RevealLayer: Disentangling Hidden and Visible Layers via Occlusion-Aware Image Decomposition
For computer vision researchers, this work addresses the challenging problem of layer decomposition in complex natural images, but the improvement is incremental over existing diffusion-based approaches.
RevealLayer proposes a diffusion-based framework for decomposing natural images into multiple RGBA layers, achieving precise layer separation and occlusion completion. It outperforms existing methods on the introduced RevealLayer-100K dataset and RevealLayerBench benchmark.

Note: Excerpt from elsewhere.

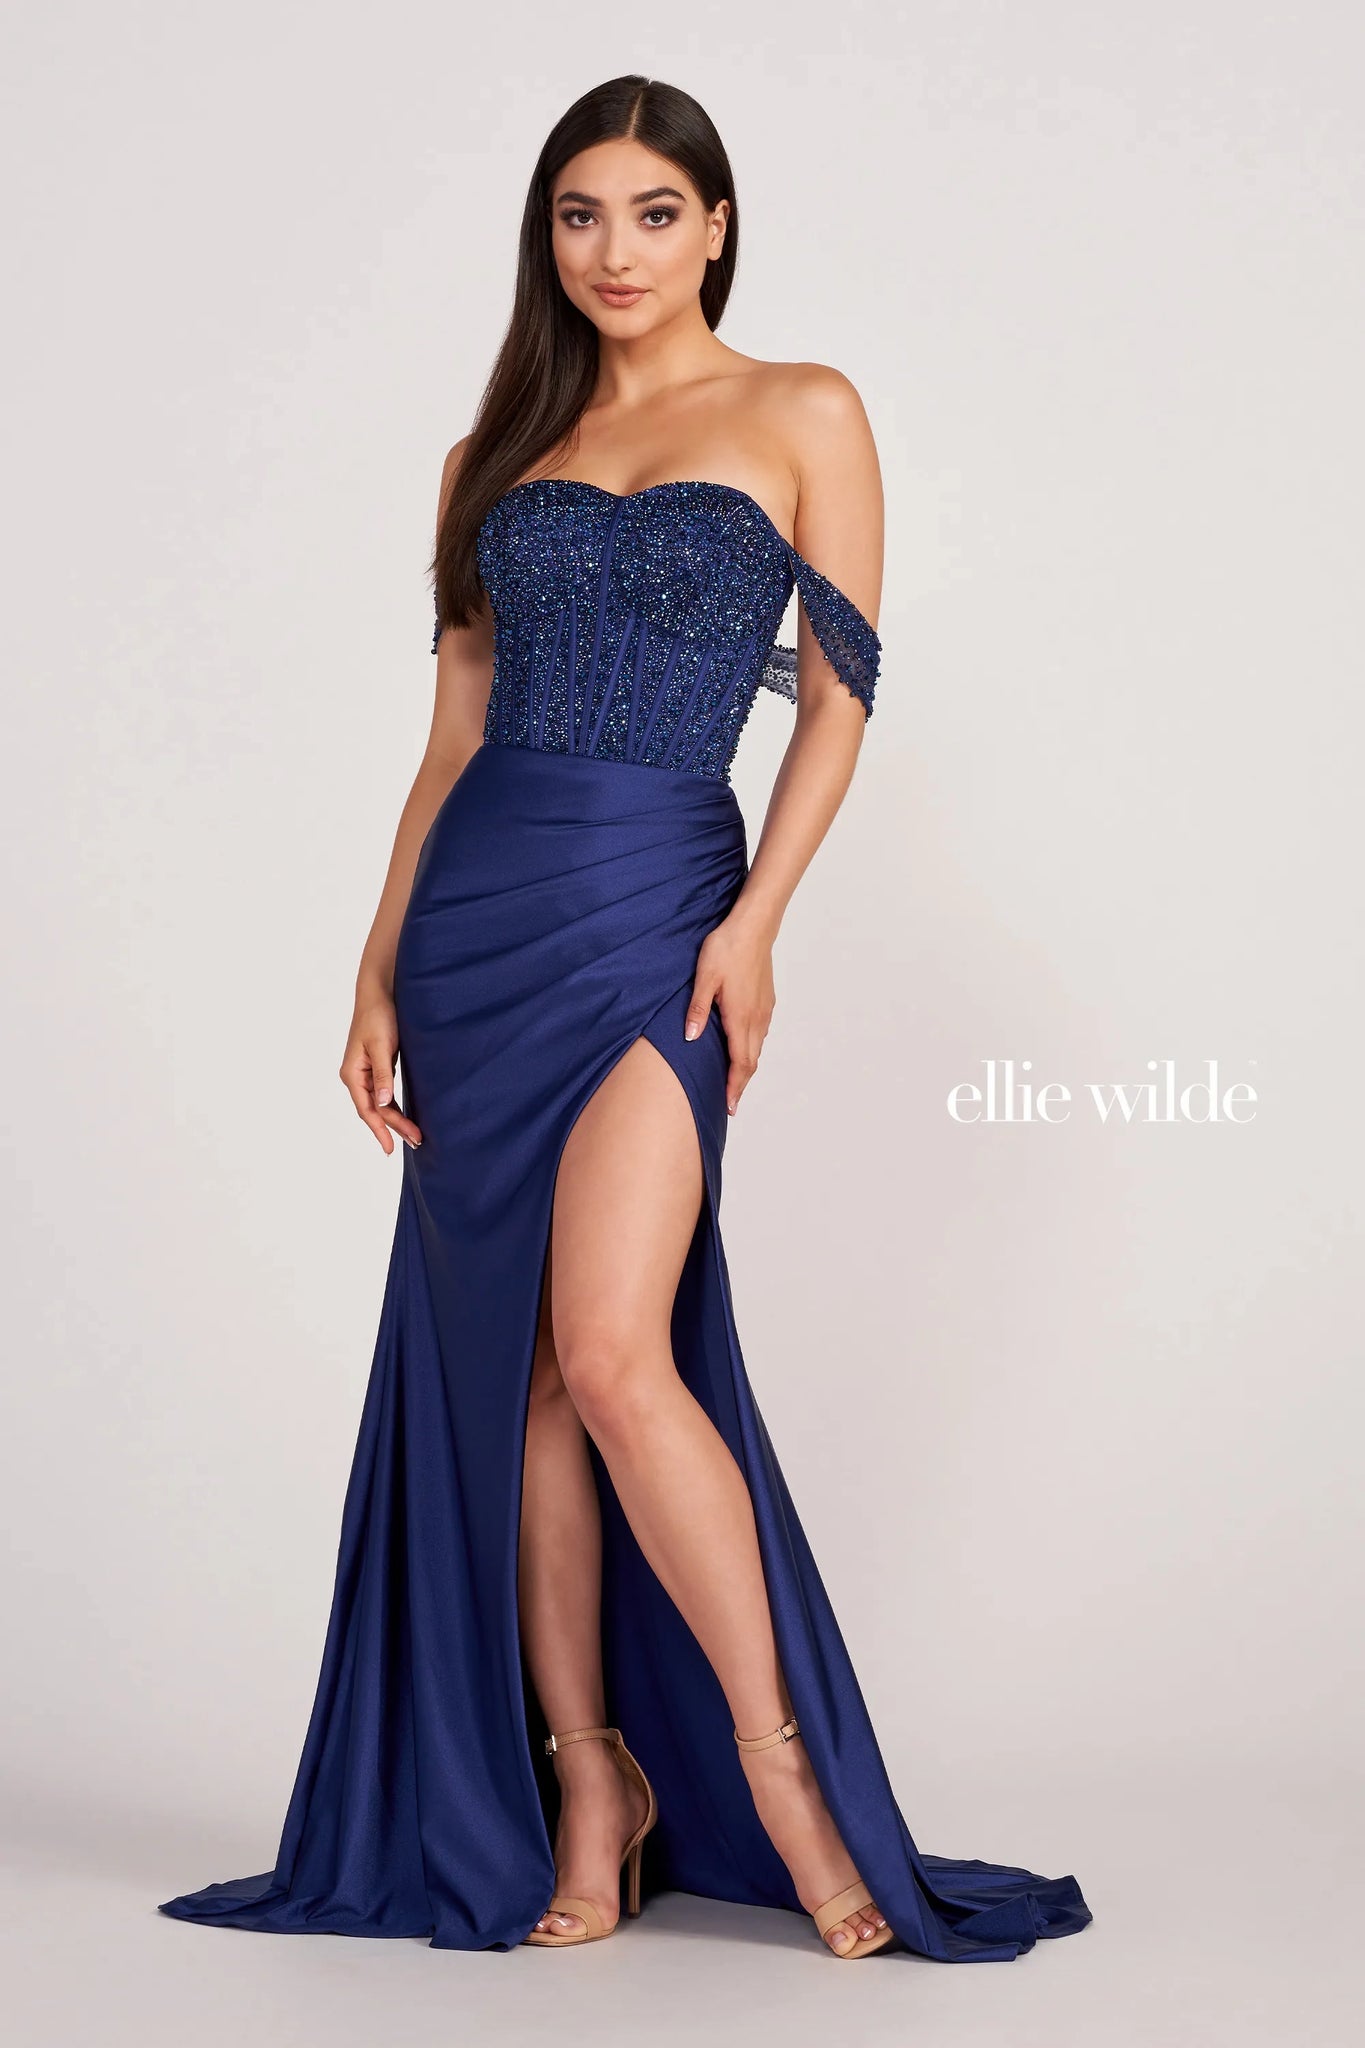 Instantly have all eyes on you in the long style EW34112 by Ellie Wilde. Showing off the flattering sweetheart neckline complimented with off the should cap sleeves. The corset is gorgeously adorned with hand sewn beading and along the skirt changes into a stretch novelty material to hug you effortlessly all night long.

Recent diffusion-based approaches have made substantial progress in image layer decomposition. However, accurately decomposing complex natural images remains challenging due to difficulties in occlusion completion, robust layer disentanglement, and precise foreground boundaries. Moreover, the scarcity of high-quality multi-layer natural image datasets limits advancement. To address these challenges, we propose RevealLayer, a diffusion-based framework that decomposes an RGB image into multiple RGBA layers, enabling precise layer separation and reliable recovery of occluded content in natural images. RevealLayer incorporates three key components: (1) a Region-Aware Attention module to disentangle hidden and visible layers; (2) an Occlusion-Guided Adapter to leverage contextual information to enhance overlapping regions; and (3) a composite loss to enforce sharp alpha boundaries and suppress residual artifacts. To support training and evaluation, we introduce RevealLayer-100K, a high-quality multi-layer natural image constructed through a collaboration between automated algorithms and human annotation, and further establish RevealLayerBench for benchmarking layer decomposition in general natural scenes. Extensive experiments demonstrate that RevealLayer consistently outperforms existing approaches in layer decomposition.